* **Prompt**:
With the pictures omitted, set down exactly the lines from the one that contains "Bill O'Reilly Quote" through the last line of the data.

* **Dataset extract**:
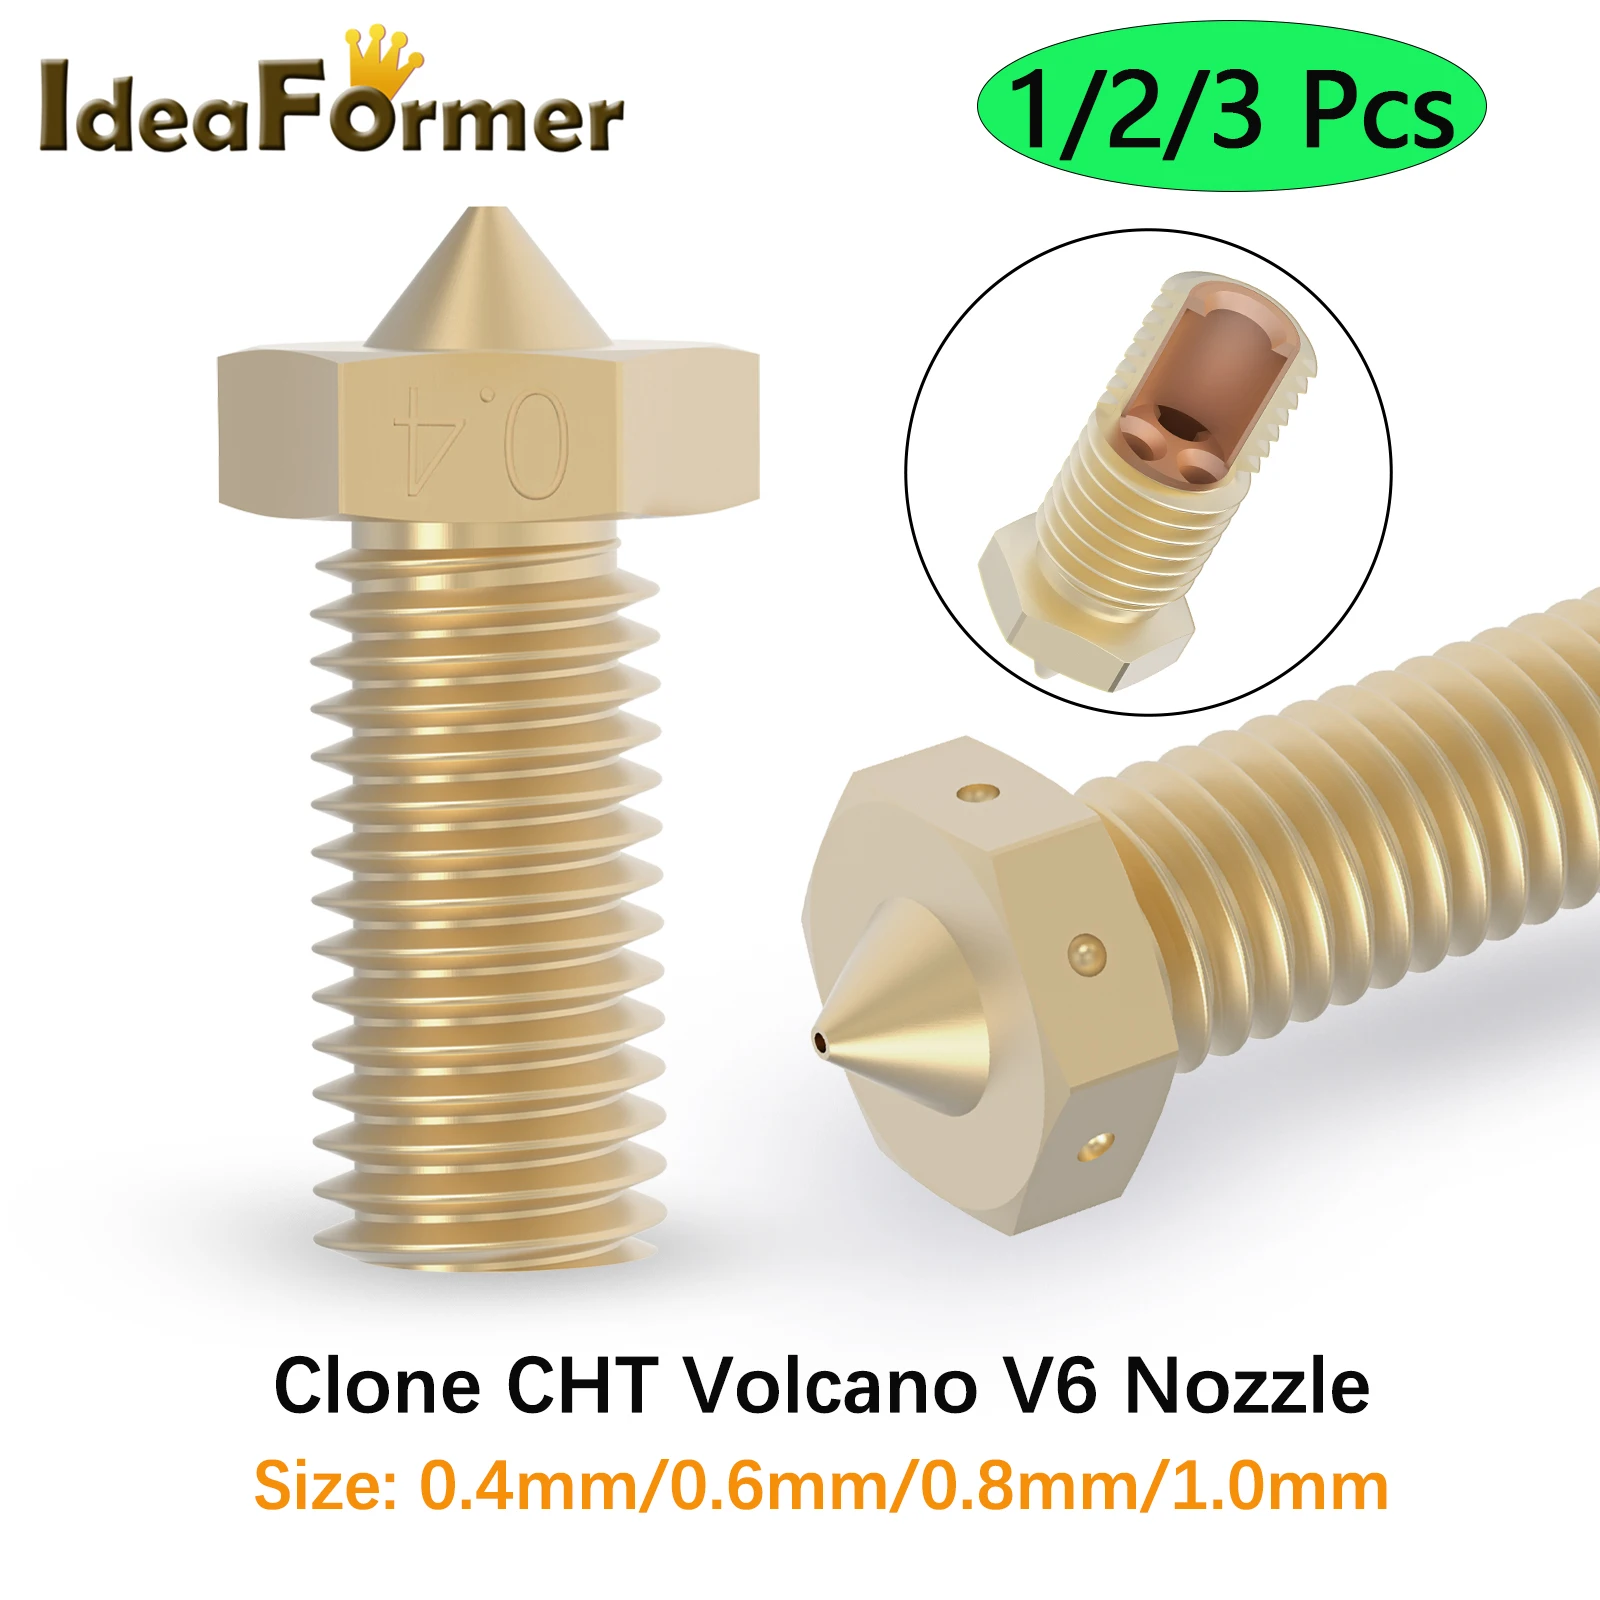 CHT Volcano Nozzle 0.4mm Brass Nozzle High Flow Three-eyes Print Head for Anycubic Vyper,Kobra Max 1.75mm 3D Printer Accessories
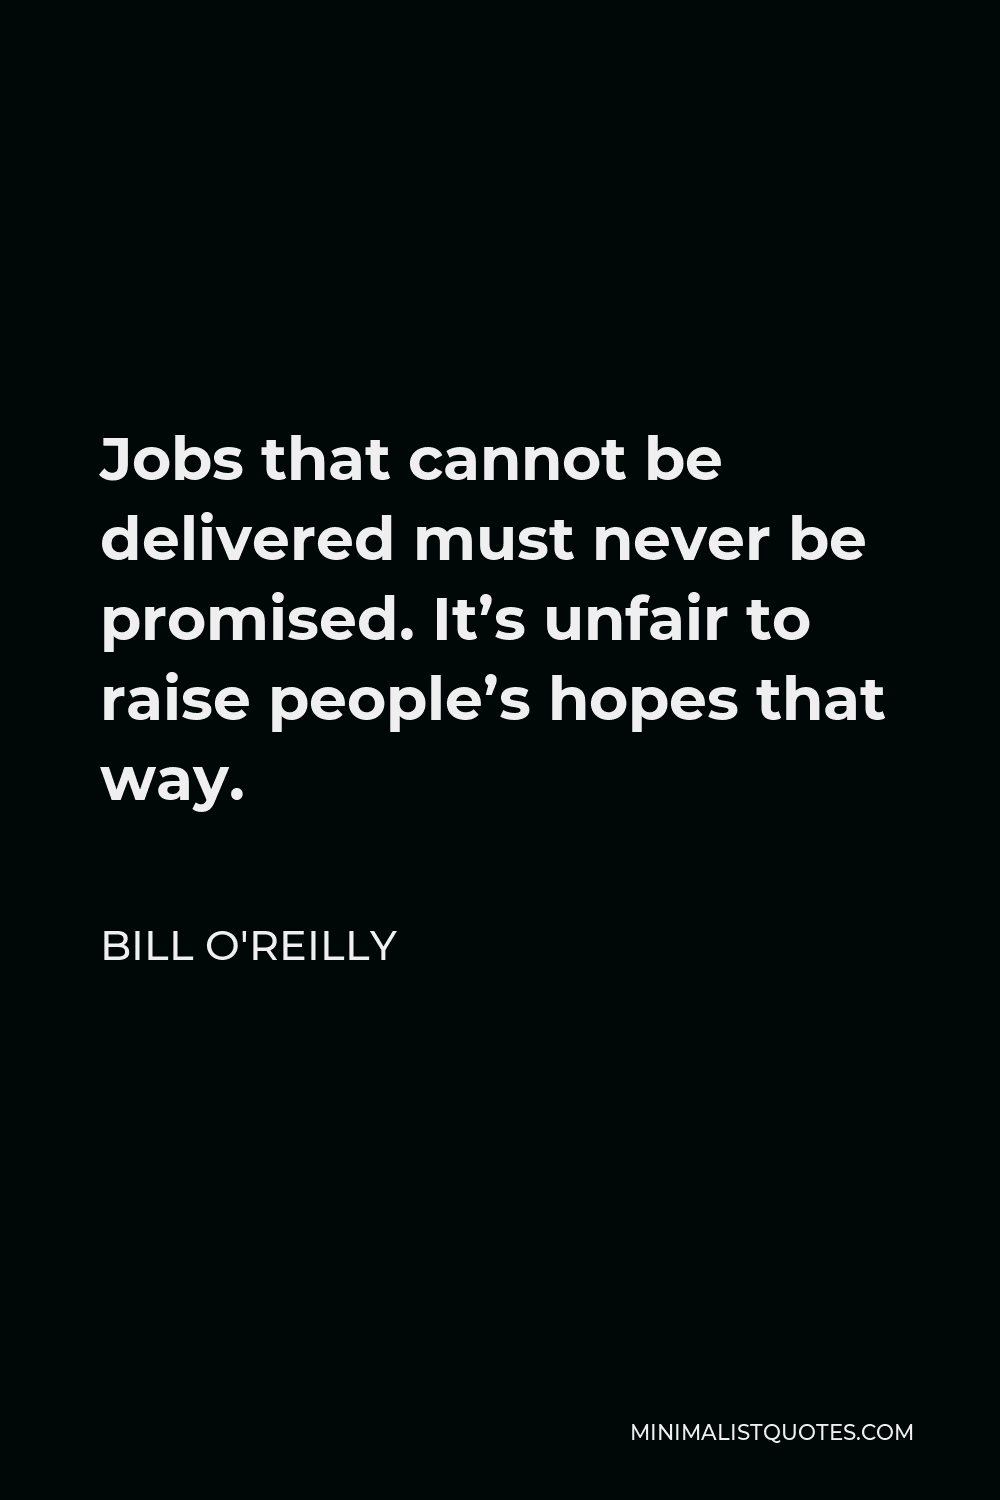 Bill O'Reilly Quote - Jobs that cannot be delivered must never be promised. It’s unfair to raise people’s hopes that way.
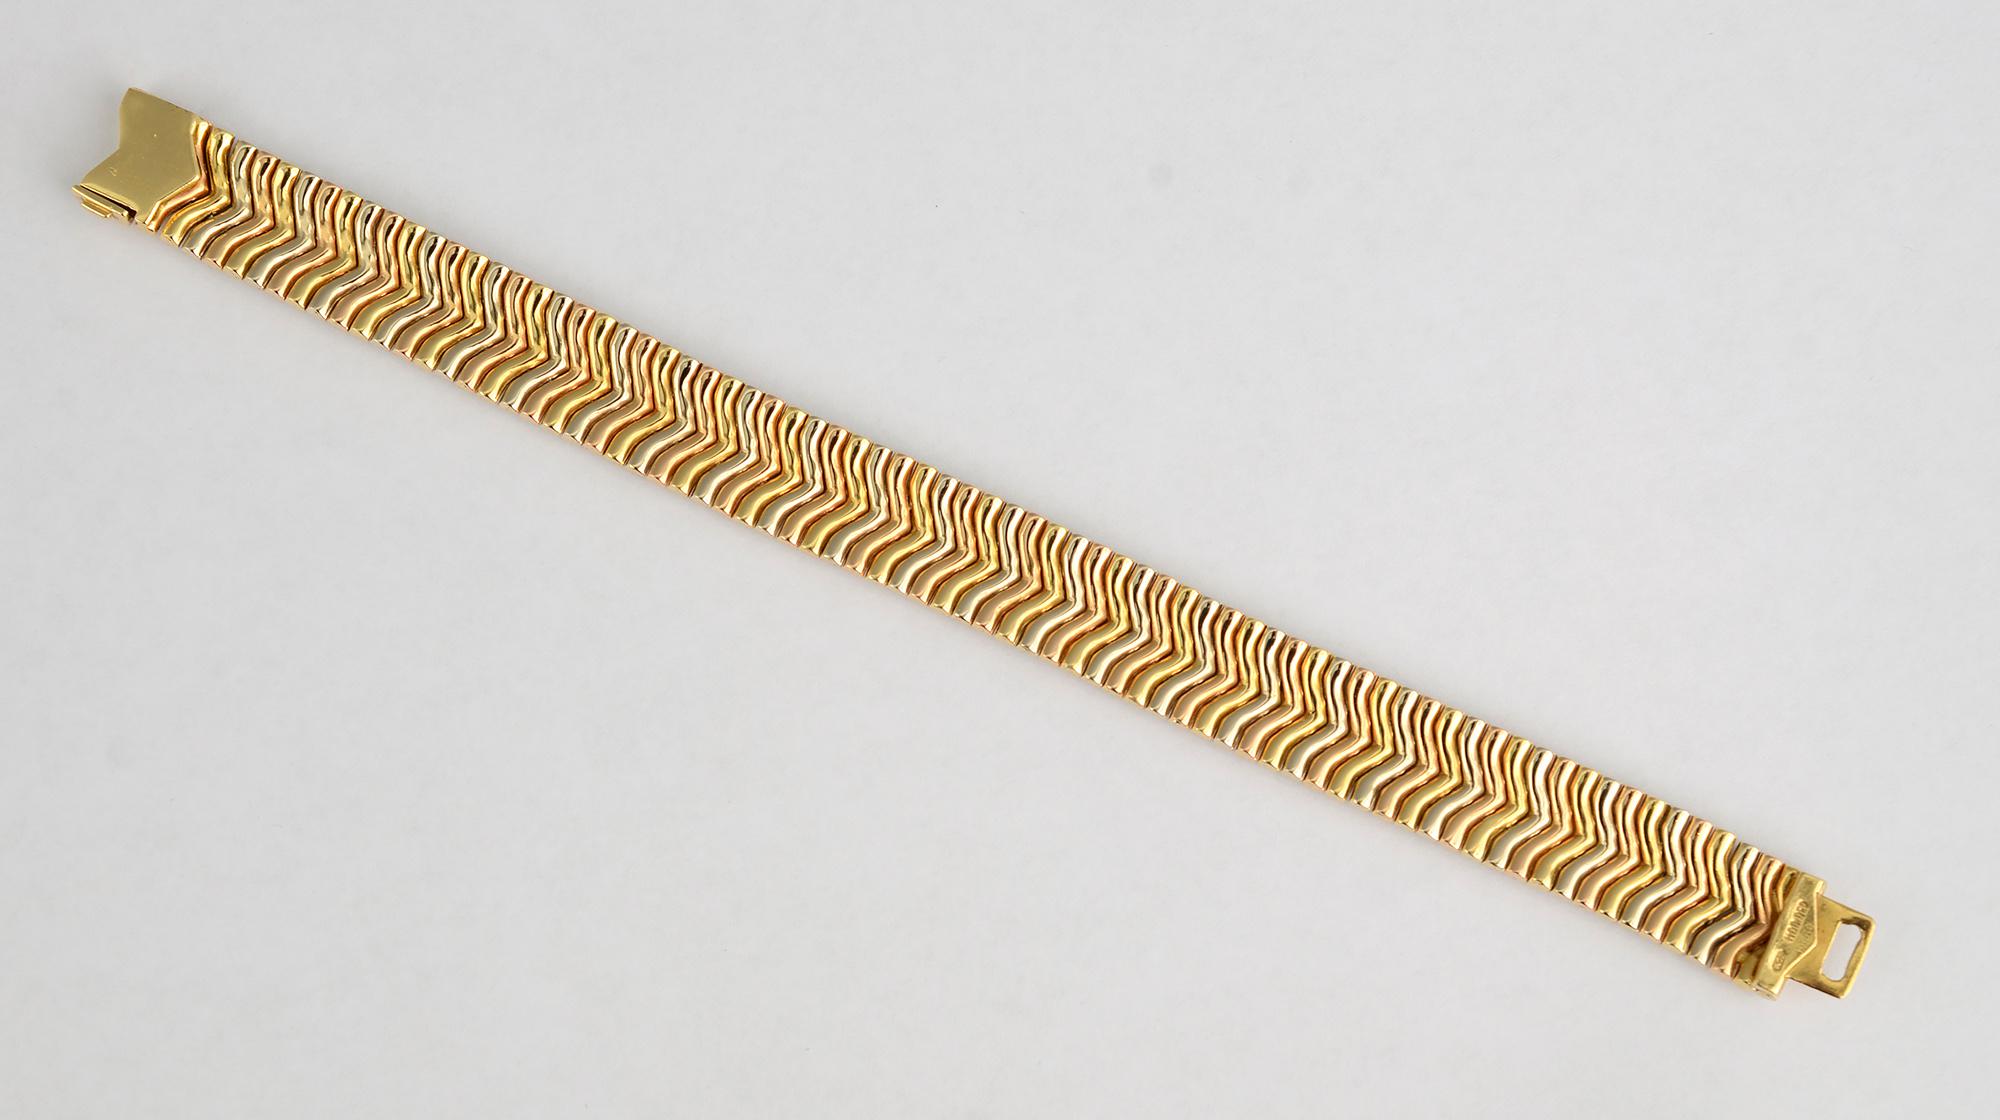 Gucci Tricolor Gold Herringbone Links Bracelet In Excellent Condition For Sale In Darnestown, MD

* **Output**:
 Bill O'Reilly Quote - Jobs that cannot be delivered must never be promised. It’s unfair to raise people’s hopes that way.
 Gucci Tricolor Gold Herringbone Links Bracelet In Excellent Condition For Sale In Darnestown, MD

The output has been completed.